LocationLogic.cs (BIGYAM.TDDDemo.Logic.csproj)
LocationData.cs (BIGYAM.TDDDemo.Data.csproj)

We can start refactoring the code by moving the location search logic into the logic layer and the location data into the data layer. Executing unit tests during the refactor makes it easier to identify breaking changes to the code and make corrections. Waiting until all the code changes are complete to start running unit tests can lead to an overwhelming number of failing tests and increases the risk of introducing bugs into the application. You may find yourself creating new unit tests during this process as changes to the implementation may lead to additional code being added. Again, any new code should not be introduced unless there is a valid test that asserts the need for that code.

End Result

Let’s take a look at how the key pieces of this project look after refacting.

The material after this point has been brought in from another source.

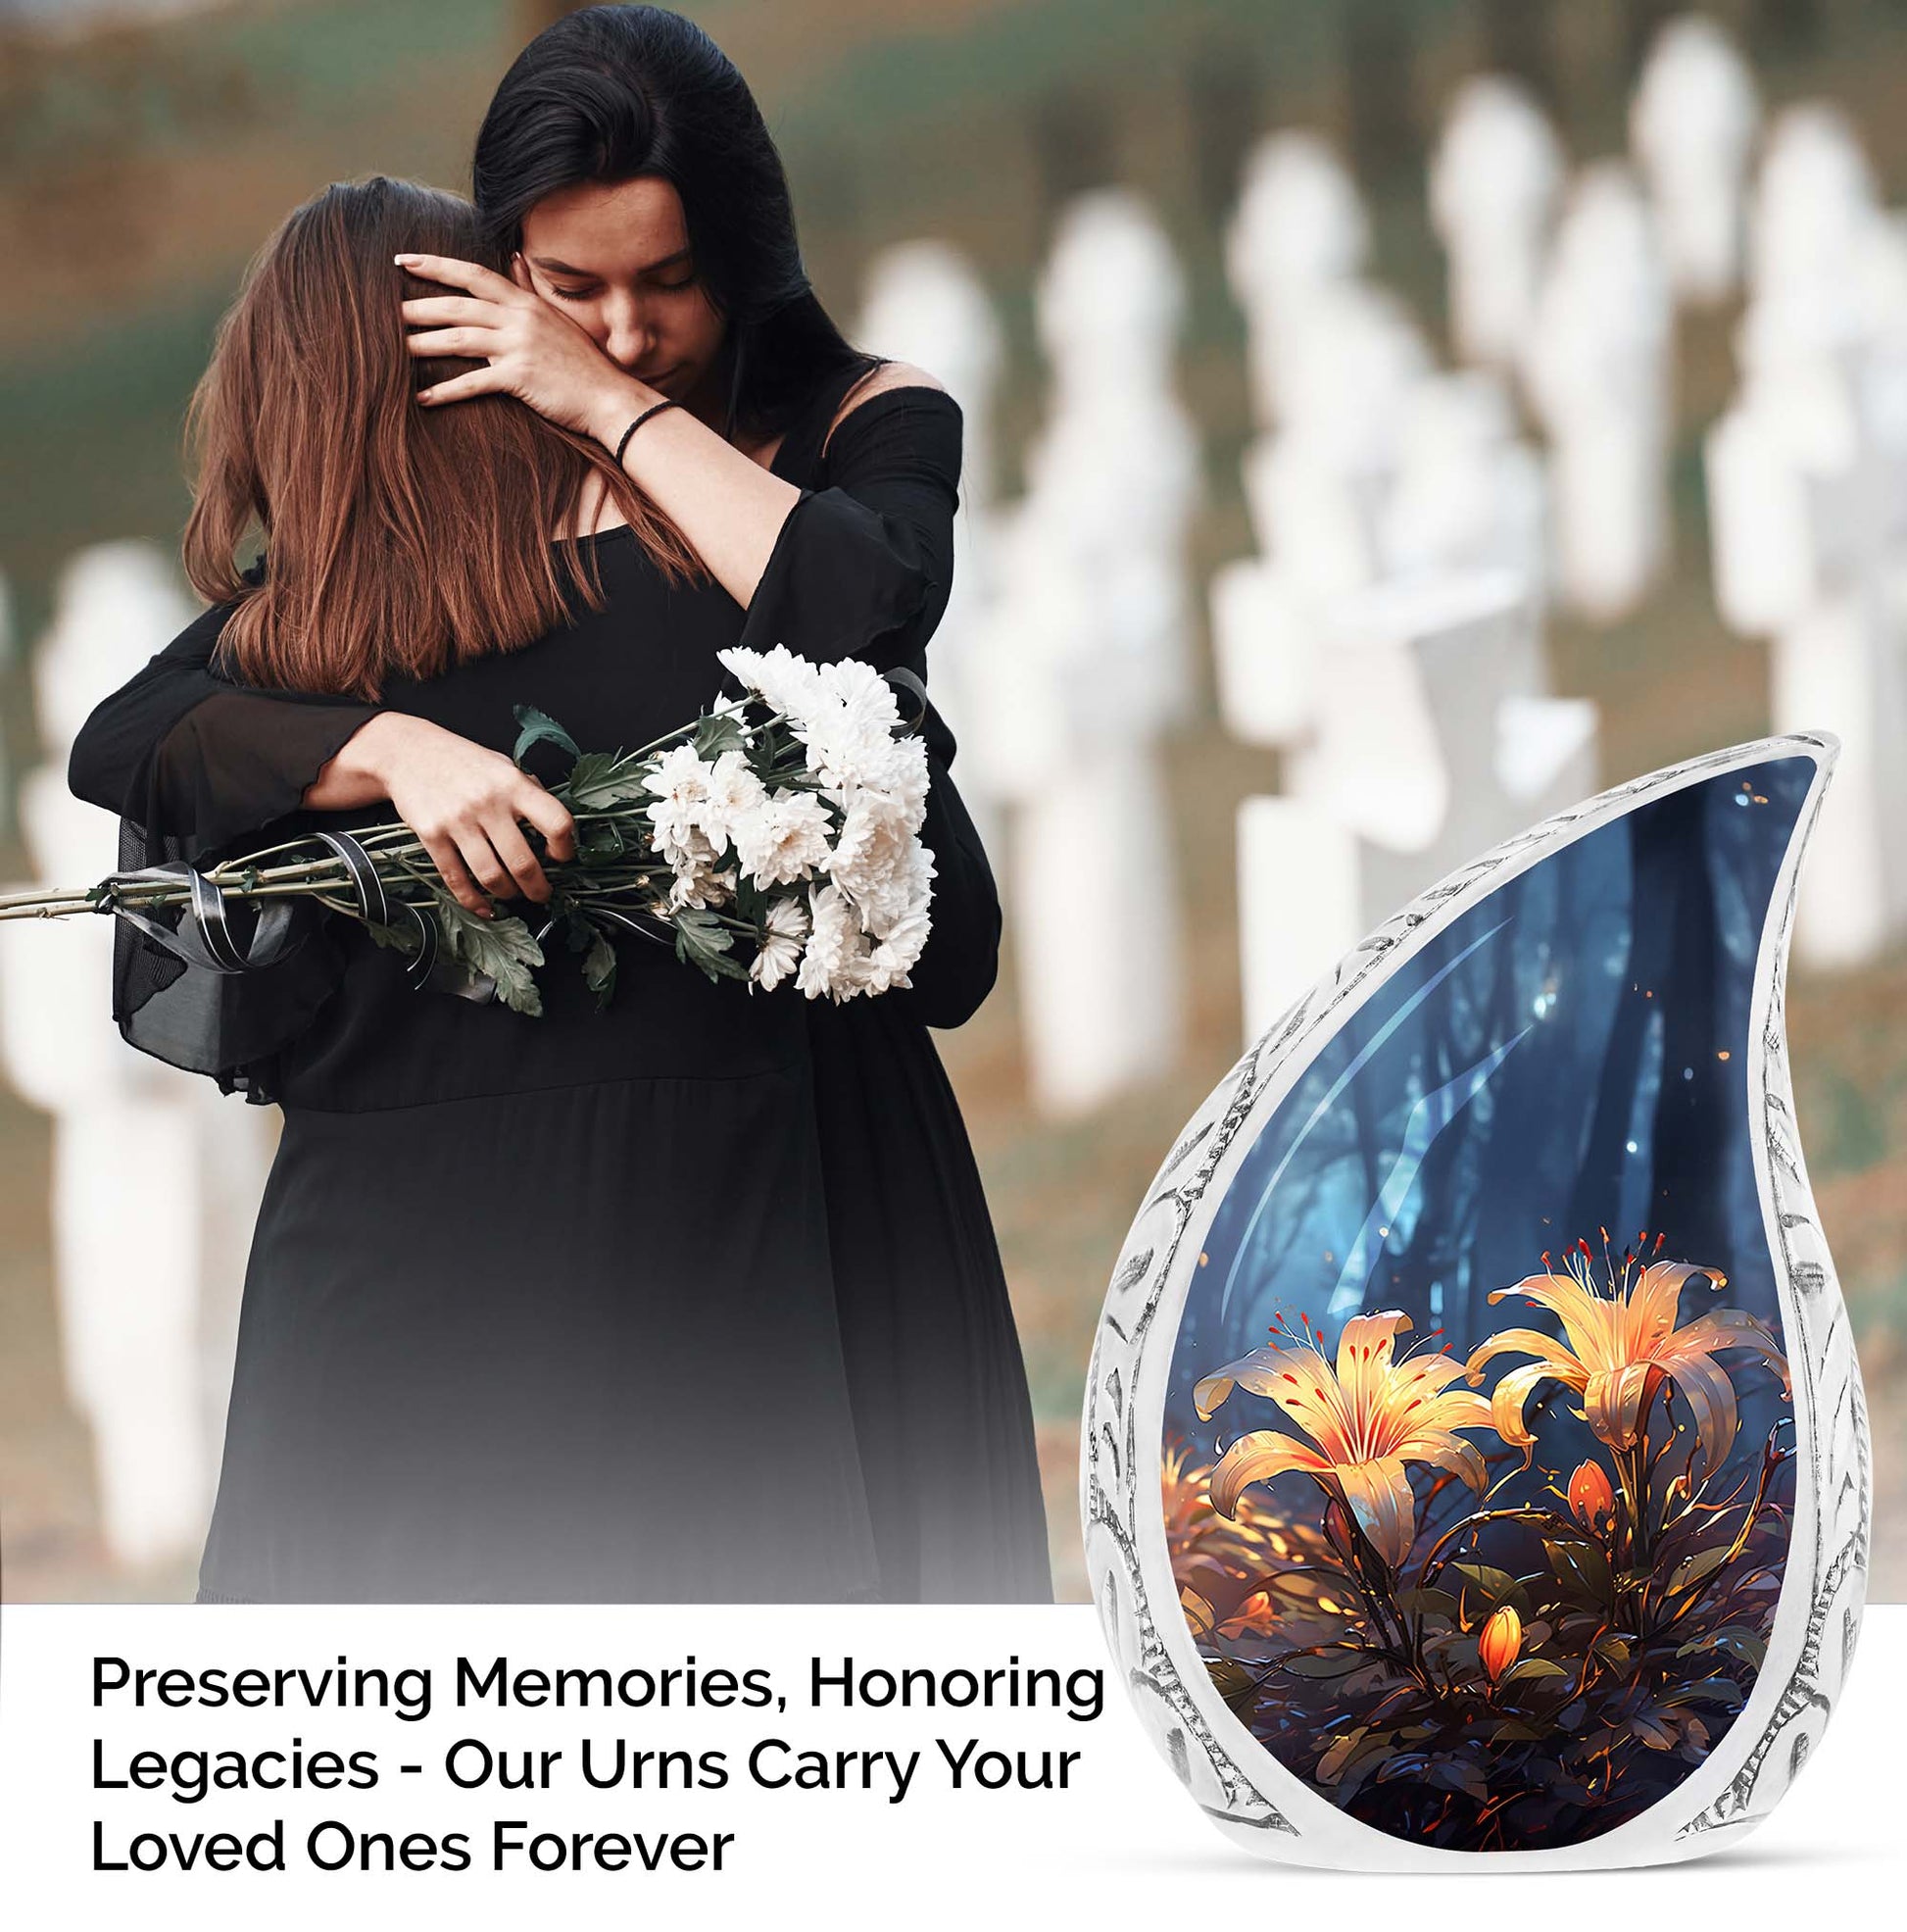 Elegant large urn for ashes featuring a beautiful yellow lilly, suitable for women, designed for burial in ground or metal cremation

LocationsController.cs (BIGYAM.TDDDemo.Web.csproj)
LocationLogic.cs (BIGYAM.TDDDemo.Logic.csproj)
LocationData.cs (BIGYAM.TDDDemo.Data.csproj)
LocationLogicTests.cs (BIGYAM.TDDDemo.Logic.Tests.csproj)

And just for fun, code coverage results generated by Reshaper’s DotCover plugin:

That’s a Wrap, TDD

As you can see in the LocationLogicTest class, refactoring the code and implementing a mocking framework to fake the data requests with test data has forced us to make use of dependency injection thus enforcing a design pattern that encourages SOLID software development principles. While it isn’t always possible to refactor code in such a manner in an existing application, unit tests can help identify dependencies that can make an application difficult to maintain. When developing a new application, TDD ensures that any new code created has a test that defines the purpose and expected behavior of that code. In an existing application, adding unit tests can help stabilize the application while making it more reliable and easier to maintain. They are also a great way to identify and tackle architectural flaws in an application.

Strictly adhering to Test-Driven Development principles is something that many development teams struggle with, as it takes a lot of discipline. As with problem solving, starting with a test that defines the problem and the possible outcomes make it much easier to generate a solution. If you fail early and fail often, then the only option left is to succeed. TDD might feel like a drag early in the process but will provide a huge helping hand and a bid of confidence as the project nears the finish line.